Peter L. Gardon, Whyte & Hirschboeck, Madison, Wis., for intervenor St. Paul Fire & Cas. Ins. Co. and St. Paul Companies, Inc.
Daniel D. Stier, Asst. Atty. Gen., Madison, Wis., for defendant.
James A. Strain, Peter J. Rusthoven, Barnes & Thornburg, Indianapolis, Ind., for American Council of Life Ins. American Ins. Ass'n, amici curiae.
Plaintiff brings this action for declaratory judgment seeking a determination that Wis.Stat. ?? 611.72 and 617.12 violate the Commerce Clause, the Supremacy Clause, and the Fifth and Fourteenth Amendments of the United States Constitution, and Title 42, Section 1983 of the United States Code, and for injunctive relief to prohibit defendant from enforcing those sections of the Wisconsin statutes. Those sections prohibit the execution of any plan for the acquisition of control (as defined in Wis.Stat. ? 600.03(13)) of any domestic stock insurance company, or its parent holding company wherever organized, without the approval of defendant.
Plaintiff, a Delaware corporation with its principal executive office in New York, owns approximately 9.2 percent of the outstanding common stock of the St. Paul Companies, Inc., a publicly-traded insurance holding company domiciled in Minnesota. Plaintiff seeks to acquire presumptive control (in excess of ten percent of the common stock, Wis.Stat. ? 600.03(13))) of the St. Paul Companies, Inc., through purchases on the open market. St. Paul Companies' principal and wholly-owned subsidiary is St. Paul Fire & Marine Insurance Company, a Minnesota corporation. St. Paul Fire & Marine has a wholly-owned subsidiary incorporated in Wisconsin, St. Paul Fire and Casualty Insurance Company. St. Paul Fire and Casualty accounts for one-tenth of one percent of the statutory admitted assets and three percent of the premium income of the St. Paul holding company system.
St. Paul Companies has insurance company subsidiaries incorporated in eight states other than Wisconsin. In four of those states, and in Minnesota, approval of plaintiff's proposed acquisition has been either granted or recommended, and in three of those states plaintiff's proposal has been denied (the outcome in the eighth state is not stated in the record).
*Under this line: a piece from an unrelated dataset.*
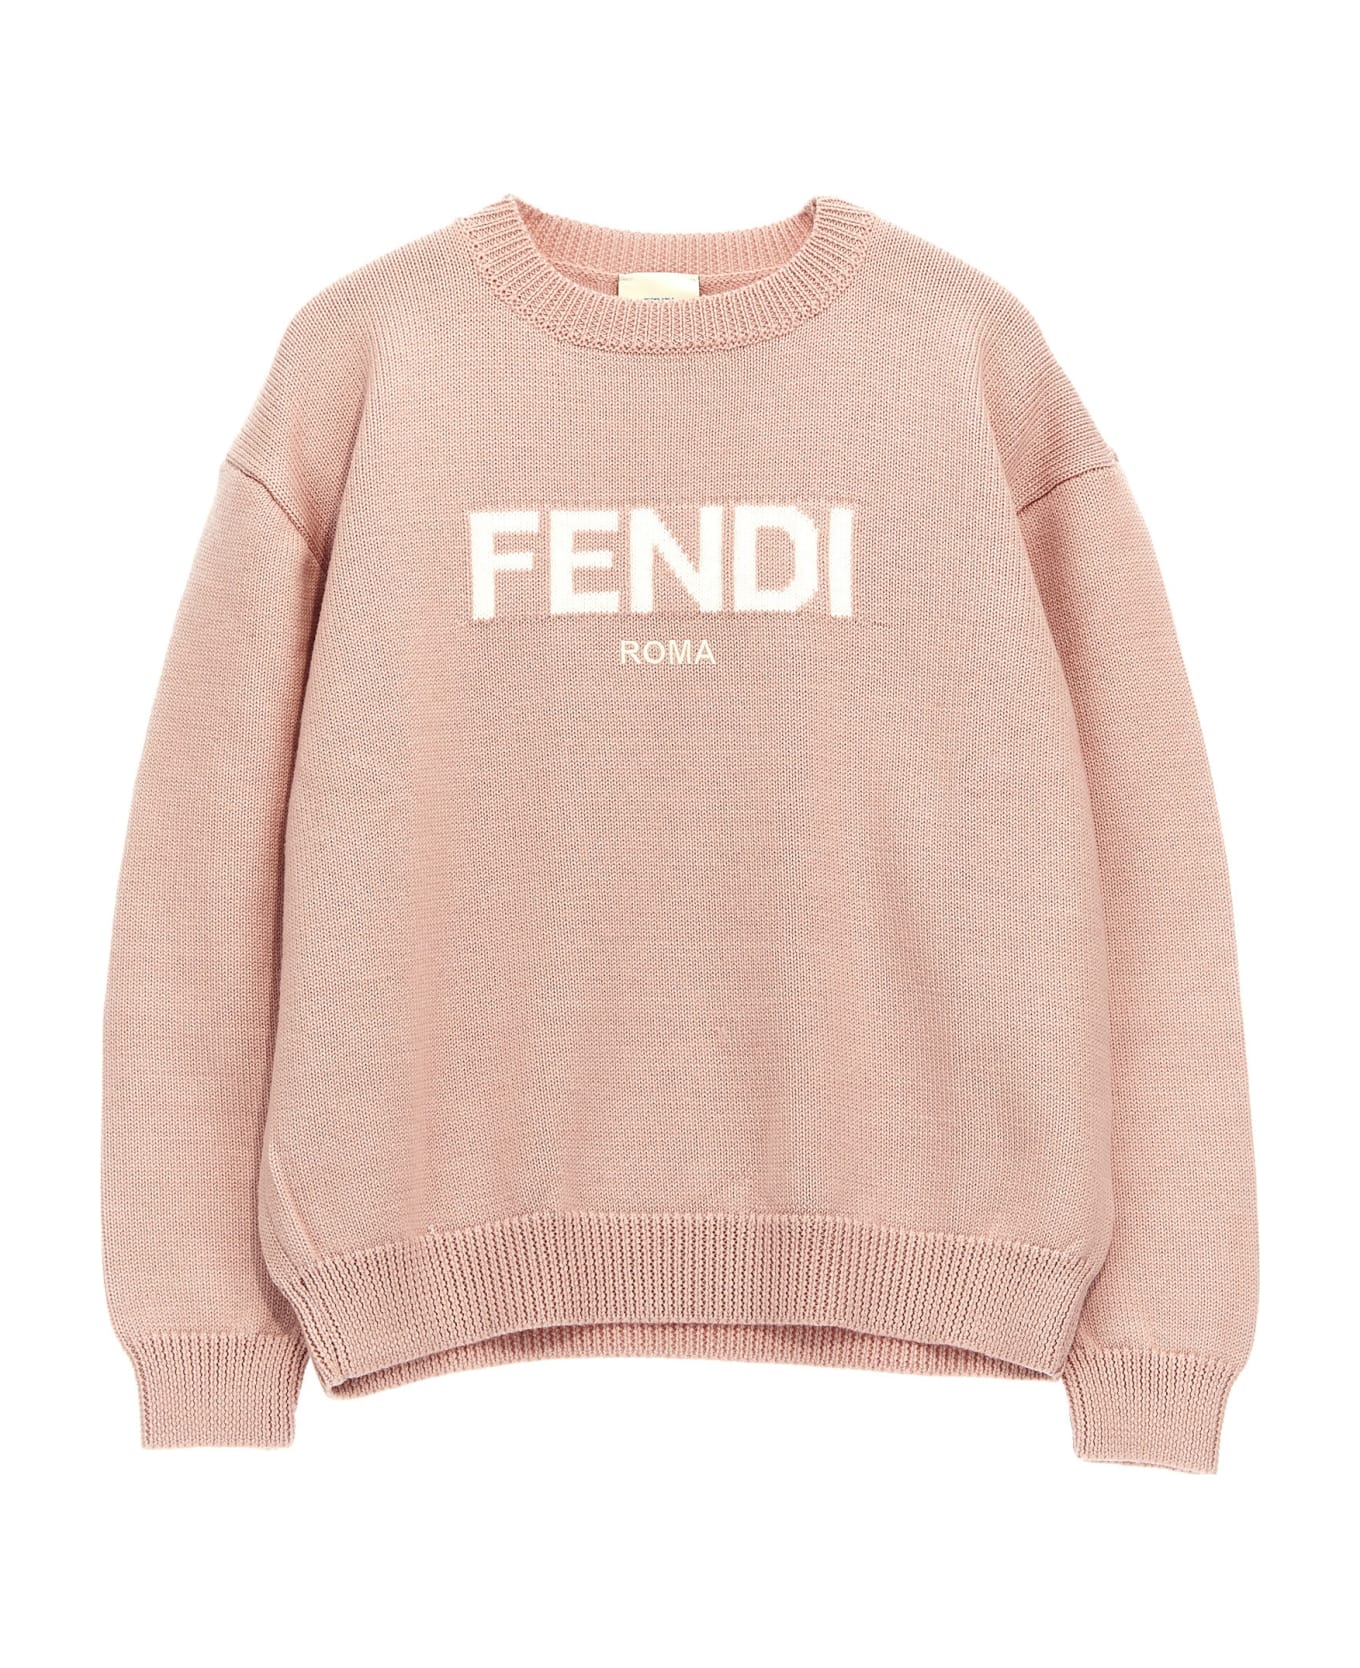 Fendi 'fendi Roma' Sweater - Pink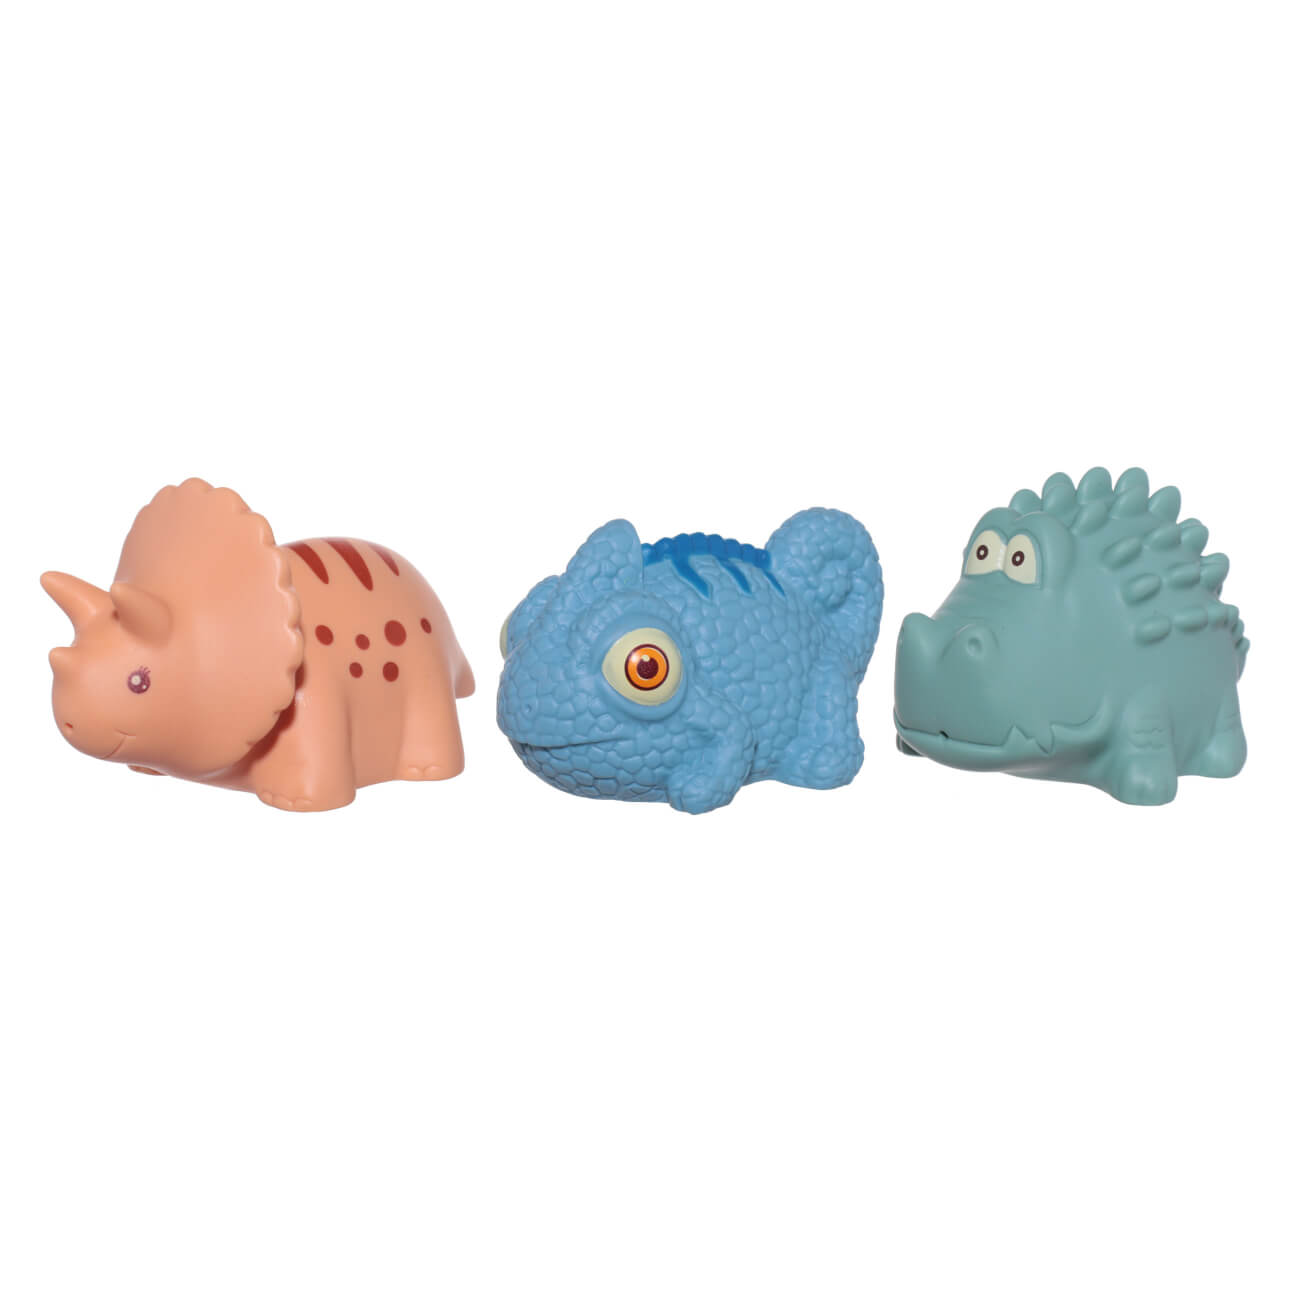 Набор игрушек для купания, 3 пр, ПВХ, цветной, Хамелеон/Динозавр/Крокодил, Kiddy горка для купания силиконовая голубой

On November 24, 1987, plaintiff filed with defendant an Insurance Holding Company Registration Statement, seeking approval to acquire in excess of ten percent of the common stock of St. Paul Companies. Defendant held a hearing on plaintiff's proposed acquisition in February 1988, and denied plaintiff's application for approval of the proposed acquisition on April 7, 1988.
Plaintiff had a right to judicial review of defendant's decision under Wis.Stat. ch. 227, and was advised in writing of that right by defendant. Plaintiff did not seek state court review, and the time to seek review expired on May 9, 1988. On April 28, 1988, plaintiff filed this action which is now before the court on defendant's motion to dismiss the complaint under the abstention doctrines of Younger v. Harris, 401 U.S. 37, 91 S.Ct. 746, 27 L.Ed.2d 669 (1971) and Burford v. Sun Oil Co., 319 U.S. 315, 63 S.Ct. 1098, 87 L.Ed. 1424 (1943).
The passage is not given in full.